If the Solr pods are being restarted, you can check the previous Solr pod logs:

kubectl logs -n connections solr-0 --previous
kubectl logs -n connections solr-1 --previous
kubectl logs -n connections solr-2 --previous

Ensure there are no heapdumps or javacore files in the Solr persistent volumes:
```
ls -la /pv-connections/solr-data-solr-0/server /pv-connections/solr-data-solr-1/server /pv-connections/solr-data-solr-2/server
```
If there are any found, move them out of the persistent volume directory and send to IBM Support for analysis.
The deletion manager will remove all Solr documents that are older than 30 days. In the unlikely event that the deletion manager is failing, you can check and clean up older documents to get Top Updates working again.
To avoid any slowing down your system, you should only delete approximately 5000 documents at a time. You can roughly figure this out by using the following formula:
5000 / (Num_of_docs_older_than_30_days / 30)
For example, if you had 30,000 documents older than 30 days, you should delete 5 days of data at a time. Below is a sample set of steps that can be used to delete documents older than 30th June 2018:
1. SSH to solr-0:
```
kubectl -n connections exec -it solr-0 bash
```
2. Check the size of index files:
```
du -h /home/solr/data/server/solr/orient-me-collection_shard*/data/index*
```
  Note down the size information.
3. Check the size of solr documents:
```
date;hostname;curl -k $CURL_EXTRA_ARGS "https://127.0.0.1:8984/solr/orient-me-collection/select?indent=on&q=*:*" | grep numFound
```
  Note down the size information.
4. Check the size of solr documents older than 30-Jun-2018 to be deleted:
```
curl -g -k $CURL_EXTRA_ARGS "https://127.0.0.1:8984/solr/orient-me-collection/select?fq=date:[*%20TO%202018-06-30T00:00:00Z]&indent=on&q=*:*&wt=json" | grep numFound
```
  Note down the size information.
5. Delete the documents older than 5-June-2018:
```
curl -k $CURL_EXTRA_ARGS "https://127.0.0.1:8984/solr/orient-me-collection/update?commit=true" -H "Content-Type: text/xml" --data-binary "<delete><query>date:[* TO 2017-06-05T00\:09\:05.276Z]</query></delete>"
```
  You should only remove roughly 5000 documents at a time, so repeat this step (changing the date range) as needed to remove all documents older than 30 days. Remember to use the following formula to determine the date range to use in your environment:
  5000 / (Num_of_docs_older_than_30_days / 30)
6. Check the size of solr documents. The result should be smaller than it was in step c.
```
date;hostname;curl -k $CURL_EXTRA_ARGS "https://127.0.0.1:8984/solr/orient-me-collection/select?indent=on&q=*:*" | grep numFound
```
7. Check the size of index files. This should be smaller than it was in step b.
```
du -h /home/solr/data/server/solr/orient-me-collection_shard*/data/index.2*
```

Sanity pods regularly restarting (Unknown code: -1226830854)

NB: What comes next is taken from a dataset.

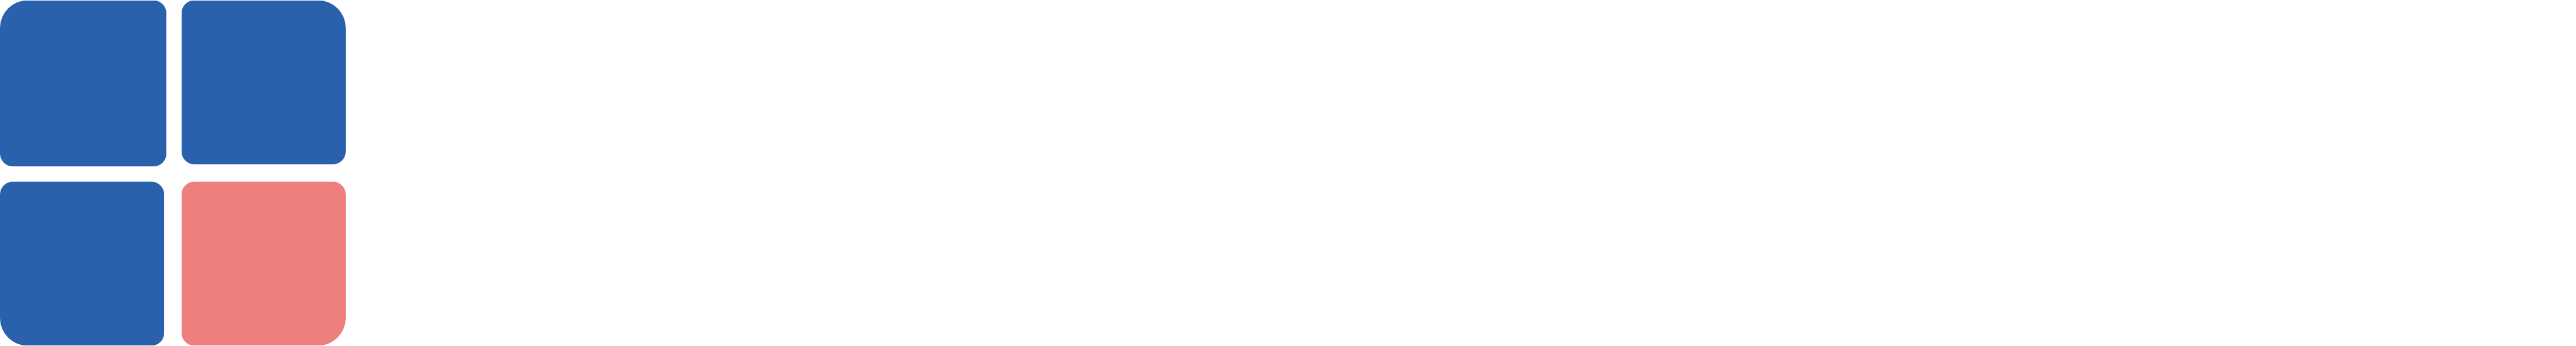 mediagate logo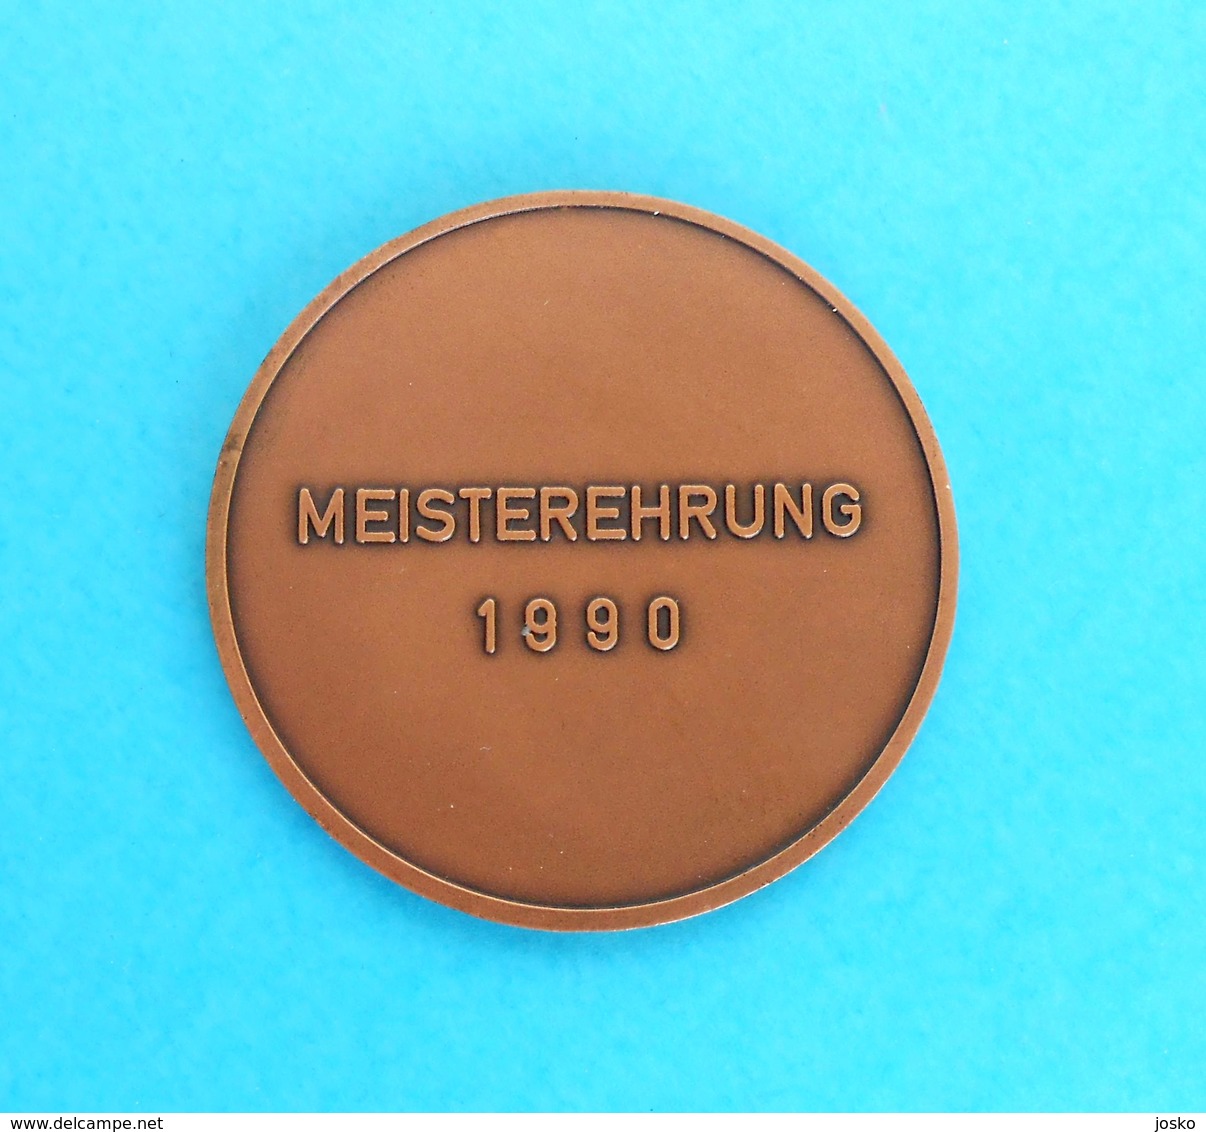 ARCHERY & SHOOTING Germany Medal Württembergischer Schützenverband 1850 EV Stuttgart, Deutschland * Tir à L'arc Tournage - Archery

There is a known issue (https://github.com/alexguan/node-zookeeper-client/issues/70) that causes the sanity pods to restart regularly. These restarts can be ignored as sanity restarts straight away and generally causes no problems accessing the sanity dashboard.

You can confirm sanity is restarting due to this issue by verifying the following error is seen in the sanity pod logs:

/home/ibm/app/node_modules/node-zookeeper-client/lib/Exception.js:51
        throw new Error('Unknown code: ' + code);
        ^
Error: Unknown code: -1226830854
    at validateCode (/home/ibm/app/node_modules/node-zookeeper-client/lib/Exception.js:51:15)
    at Function.create (/home/ibm/app/node_modules/node-zookeeper-client/lib/Exception.js:140:5)
    at ConnectionManager.onSocketData (/home/ibm/app/node_modules/node-zookeeper-client/lib/ConnectionManager.js:570:35)
    at emitOne (events.js:116:13)
    at Socket.emit (events.js:211:7)
    at addChunk (_stream_readable.js:263:12)
    at readableAddChunk (_stream_readable.js:250:11)
    at Socket.Readable.push (_stream_readable.js:208:10)
    at TCP.onread (net.js:607:20)
npm info lifecycle sanity@1.0.0~start: Failed to exec start script
npm ERR! code ELIFECYCLE
npm ERR! errno 1
npm ERR! sanity@1.0.0 start: `node ./bin/www`
npm ERR! Exit status 1
npm ERR!
npm ERR! Failed at the sanity@1.0.0 start script.
npm ERR! This is probably not a problem with npm. There is likely additional logging output above.